# Italian citizenship question



## Mrtcpip (Feb 15, 2014)

Hello everyone, well, we did make it thanks with all of your help. We now have lived here for six months and have our PDiS, and our ER visas, tessere sanitara, and even our identity cards. A special thanks to BBCWatcher and Bev! We still have more questions. We like it so much here we are thinking of citizenship. Are there any good forums you can recommend to post italian citizenship questions to?

Best regards,

Shawn

:juggle::juggle:


----------



## Bevdeforges (Nov 16, 2007)

You can certain start here. We've got a few members who have or have taken Italian citizenship. (Though I think you probably have to live in Italy a bit longer than six months...)

Unless you have Italian parents, the residence time is something like 10 years - though it's reduced if you are of Italian descent, or are married to an Italian, or a few other specific conditions.

You can start with the Wikipedia article on Italian nationality law: Italian nationality law - Wikipedia, the free encyclopedia
Cheers,
Bev


----------



## BBCWatcher (Dec 28, 2012)

Bev's summary is correct. To elaborate a bit....

If you have a parent or grandparent who, at birth, was or _could have been recognized_ as an Italian citizen, then you can acquire Italian citizenship with 3 years of legal continuous residence.

After 5 years of legal continuous residence you can apply for an EC Long-Term Residence Permit, a type of residence permit that gives you more stability. I recommend that if you're not able to obtain citizenship before then.

If you do not meet the 3 year requirement then (in most cases) you'll need 10 years, as Bev mentions.

I'm assuming in all of these cases that neither one of you can already be recognized as Italian (or other EU/EEA) citizens.

Naturalization as an Italian citizen now (usually) requires taking a class and passing a test, including in these circumstances. Schedule your integration class in timely fashion: not too late, not too early, depending on when you're going to reach your minimum residential term. Of course make some effort to learn Italian.

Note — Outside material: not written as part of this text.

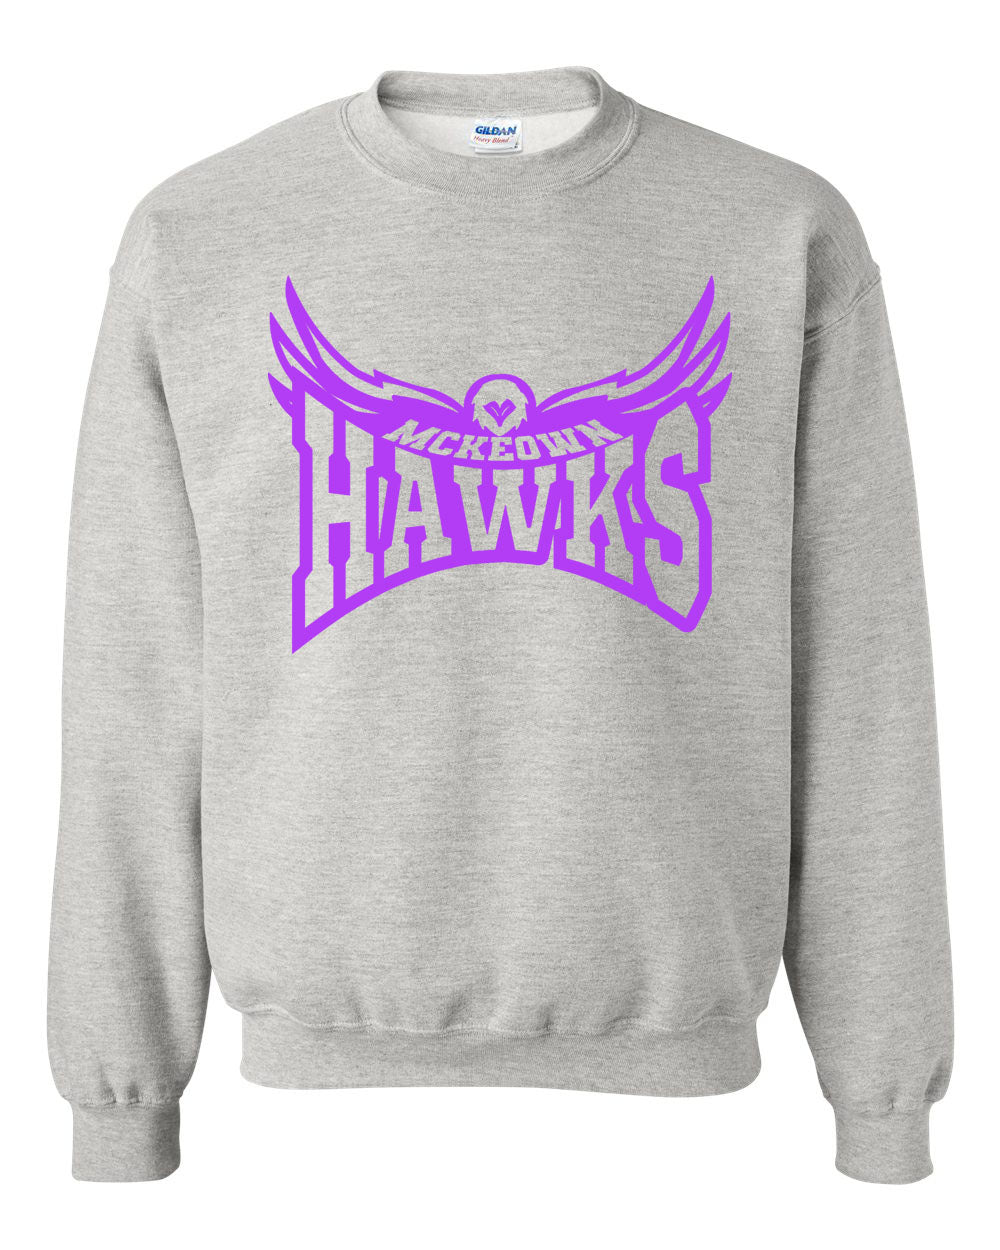 Hampton Hawk non hooded sweatshirt

Legal continuous residence means, among other things, timely renewal of your residence permits (PdSes/CdSes) with no breaks, no single absence from Italy longer than 6 months, and total absence from Italy no greater than 10 months. Keep reasonable records to demonstrate your physical presence in Italy: spending records (ATM use, store receipts, debit/credit card records, call detail records for your mobile phone, etc.), attendance records (e.g. language classes, cooking classes, whatever), electric utility consumption records, rental payment records, tax records, etc., etc. Basically anything that will reasonably substantiate a record of physical presence in Italy, starting from when you arrived.


----------



## Mrtcpip (Feb 15, 2014)

Ok, thanks for the info BBC watcher and Bev!

To elaborate, my wife's grandparents on her Fathers side emigrated to the US prior to the birth of their son, her father in 1932. I realize there are many steps to achieve Italian citizenship, so I won't ask too many detailed questions. But, assuming she meets the direct descendant requirement, does she need to live here 3 yrs (meeting definition of legal continuous residense) before she can apply for citizenship? 

Then again, it may take 3 yrs to gather everything required, so it's a nice project for us!

Thans in advance!

Shawn


----------